A hyperplane is a linear classifier

A hyperplane is a plane in n-dimensions that can split a space into two halfspaces. For the sake of simplicity, consider a hyperplane in 2-dimensional space (a line).

A common and intuitive representation of a line in two-dimensions, \(\mathbb{R}^2\), is \(y=mx+b\), where \(y=x_2\) and \(x=x_1\). Here \(m\) represents slope, and \(b\) represents a y-intercept. This representation is a poor choice, however, because we cannot represent vertical lines, e.g. \(x = c\), with this expression. A vertical line equation would have to be something like \(y = mx\), where \(m \rightarrow \infty\). Thus, this isn’t a general equation of a line.

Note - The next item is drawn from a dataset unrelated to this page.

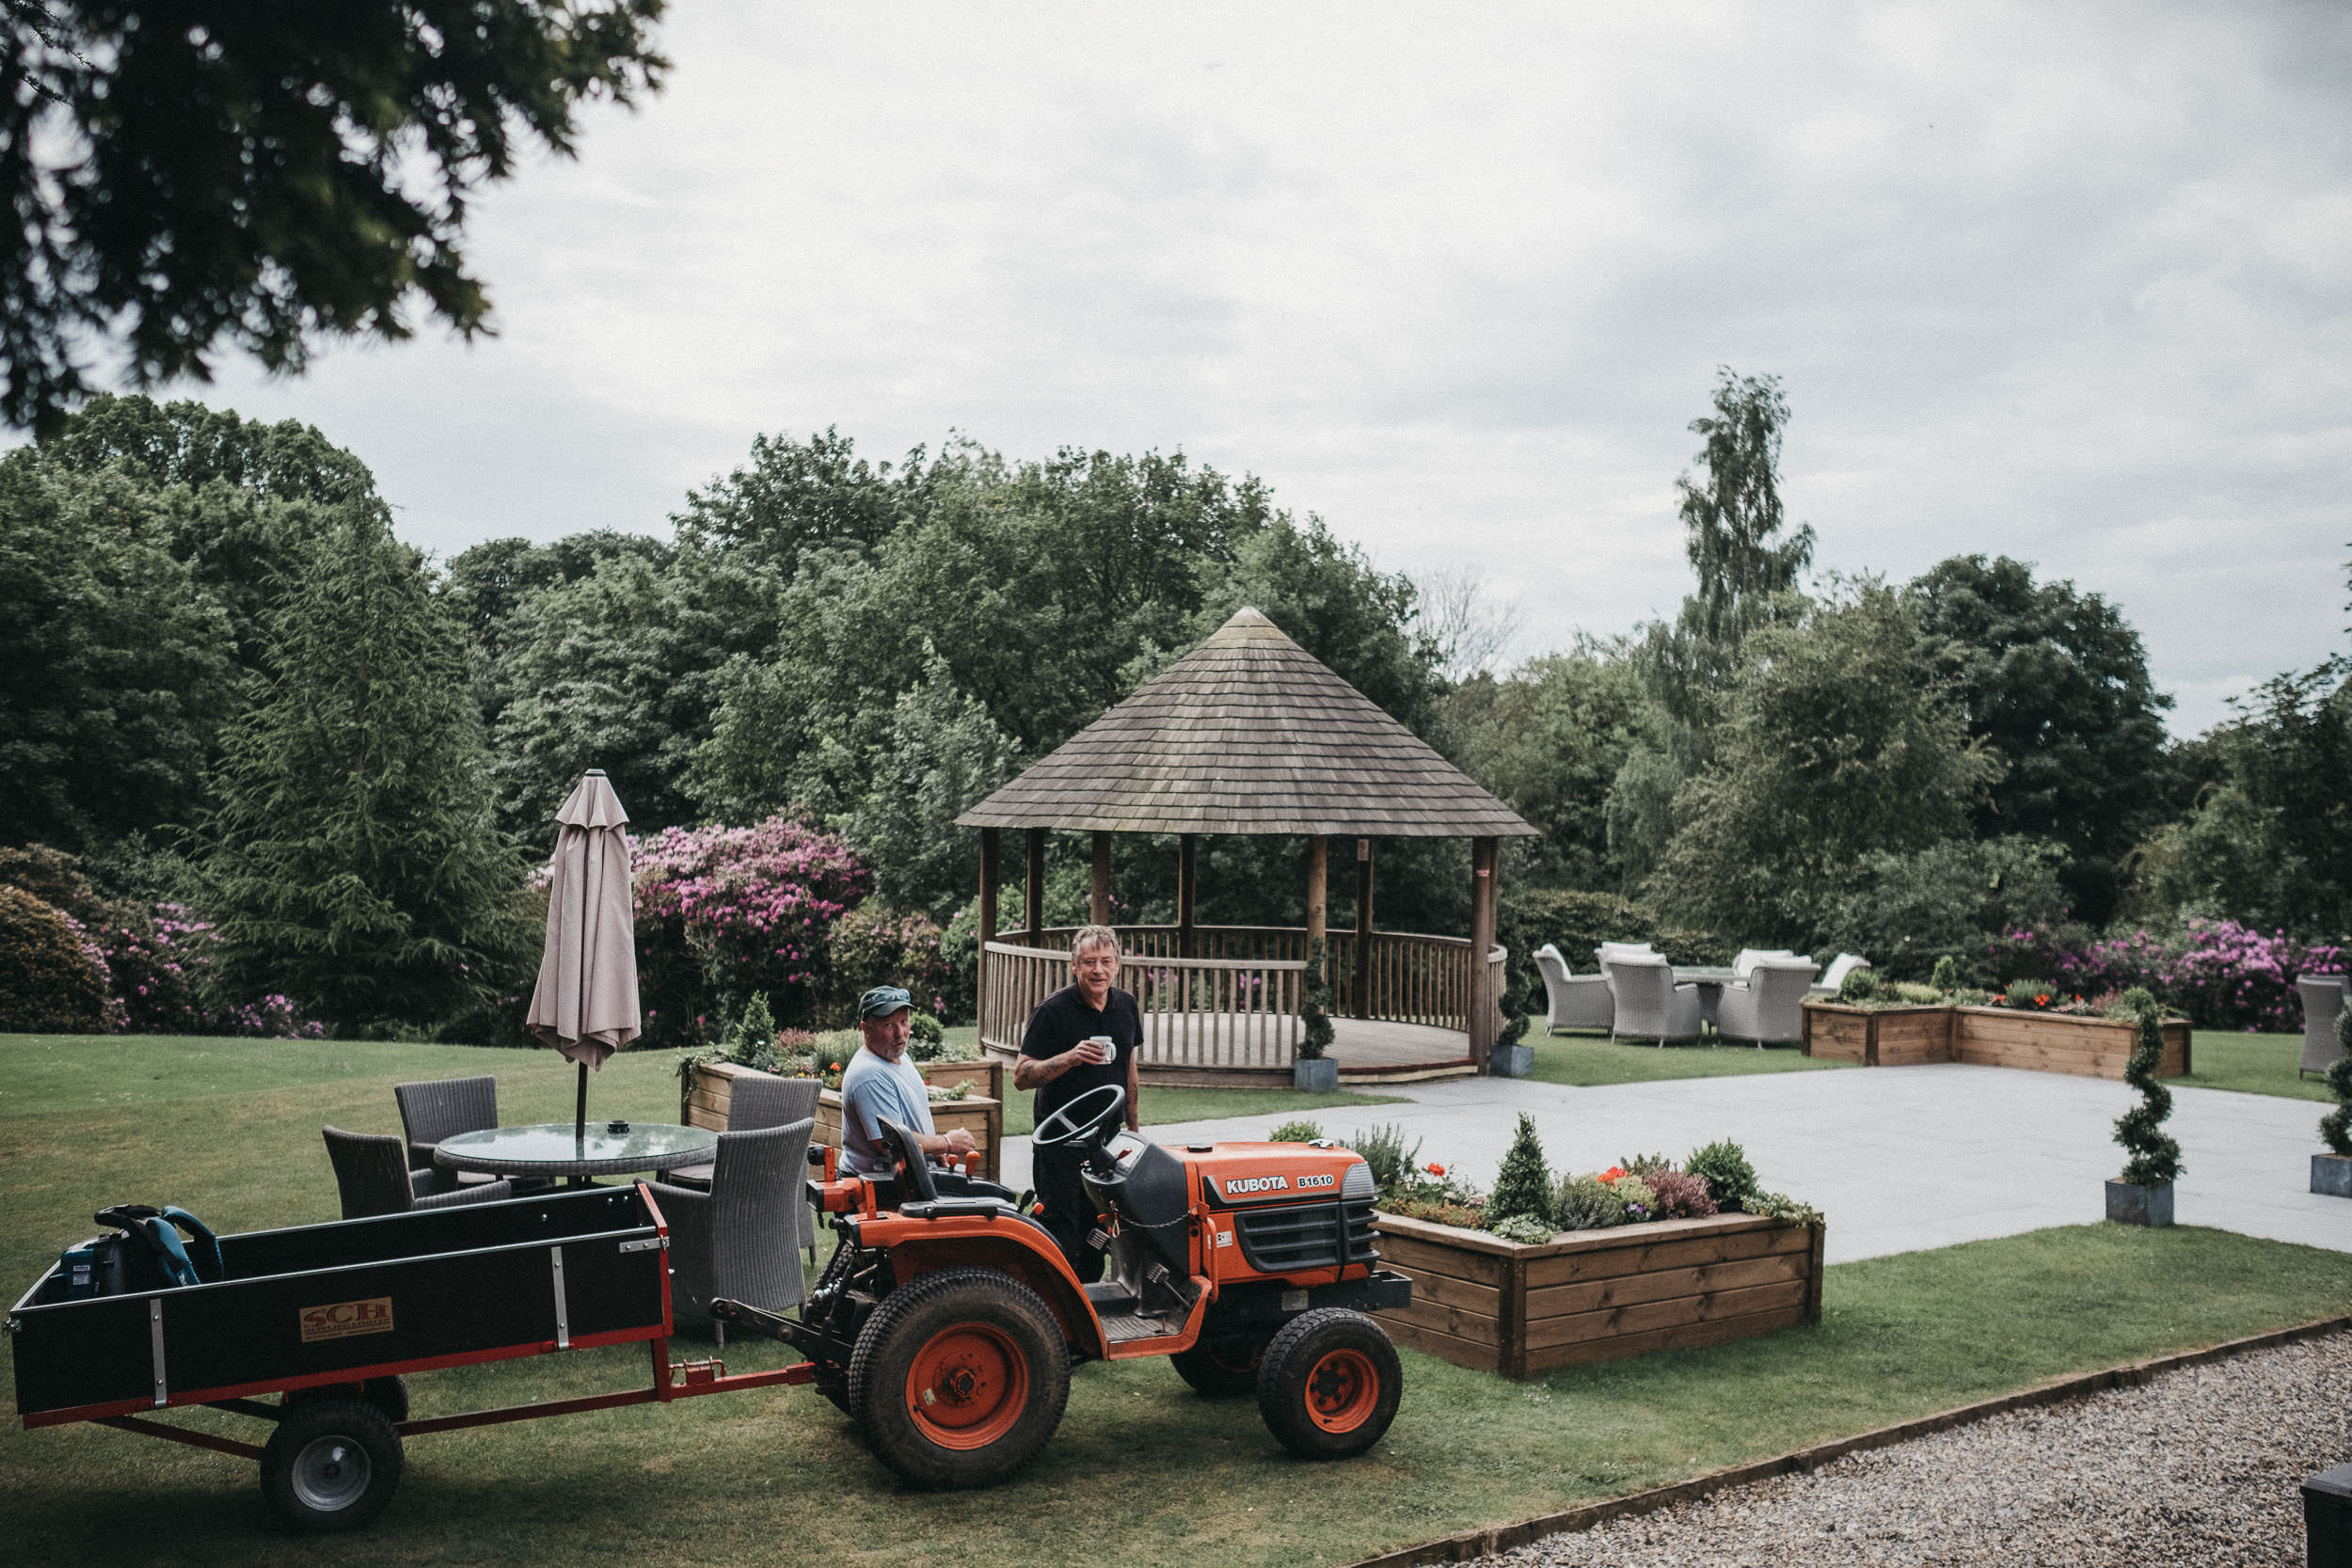 Workman having a tea break near tractor while getting gazebo ready

Over \(\mathbb{R}^2\), a better representation is

\[w_0 + w_1 x_1 + w_2 x_2 = 0\]

where \(w_0, w_1, w_2\) are weights (“parameters”), and \(w_0\) is often considered the “bias” term, denoting the distance from the origin. When \(w_2 =0\), we have a vertical line, and when \(w_1=0\), we have a horizontal line. We can always convert back to our intuitive representation \(y=mx+b\) by simple algebra. For example, consider the hyperplane

\[\begin{array}{ll} W = \begin{bmatrix} w_1 \\ w_2 \end{bmatrix}^T = \begin{bmatrix} 2 \\ 1 \end{bmatrix}^T, & w_0 = b = -2 \end{array}\]

By algebra:

\[\begin{aligned} w_0 + w_1 x_1 + w_2 x_2 = 0 \\ w_0 + w_1 x + w_2 y = 0 & \mbox{ (let } y = x_2, x = x_1) \\ w_2 y = -w_1 x - w_0 \\ y = -\frac{w_1}{w_2}x + -\frac{w_0}{w_2} \\ y = -\frac{2}{1}x + -\frac{-2}{1} & \mbox{ (let } w_0 = -2, w_1 = 2, w_2 = 1) \\ y = -2x + 2 \end{aligned}\]
import numpy as np
import matplotlib.pyplot as plt
x = np.linspace(-3,3,100)
y = -2*x + 2
plt.scatter(x,y,10,marker='.', color='r')
plt.xlim([-3,3])
plt.ylim([-6,6])
plt.show()
x.shape
(100,)
np.allclose(-2 + 2 * x + 1 * y, np.zeros(100) )
True

http://cs231n.github.io/linear-classify/

https://cedar.buffalo.edu/~srihari/CSE574/Chap4/4.1%20DiscFns.pdf

http://grzegorz.chrupala.me/papers/ml4nlp/linear-classifiers.pdf

Angular Softmax

SphereFace

Hinge Loss

max-margin

Contrastive Loss

The contrastive loss was proposed by Hadsell, Chopra, and LeCun in [2] for dimensionality reduction of high-dimensional points, a paper now cited over 1200 times. It involves a push term and a pull term which are summed together. Unlike conventional learning systems where the loss function is a sum over samples, the contrastive loss function runs over pairs of samples [2].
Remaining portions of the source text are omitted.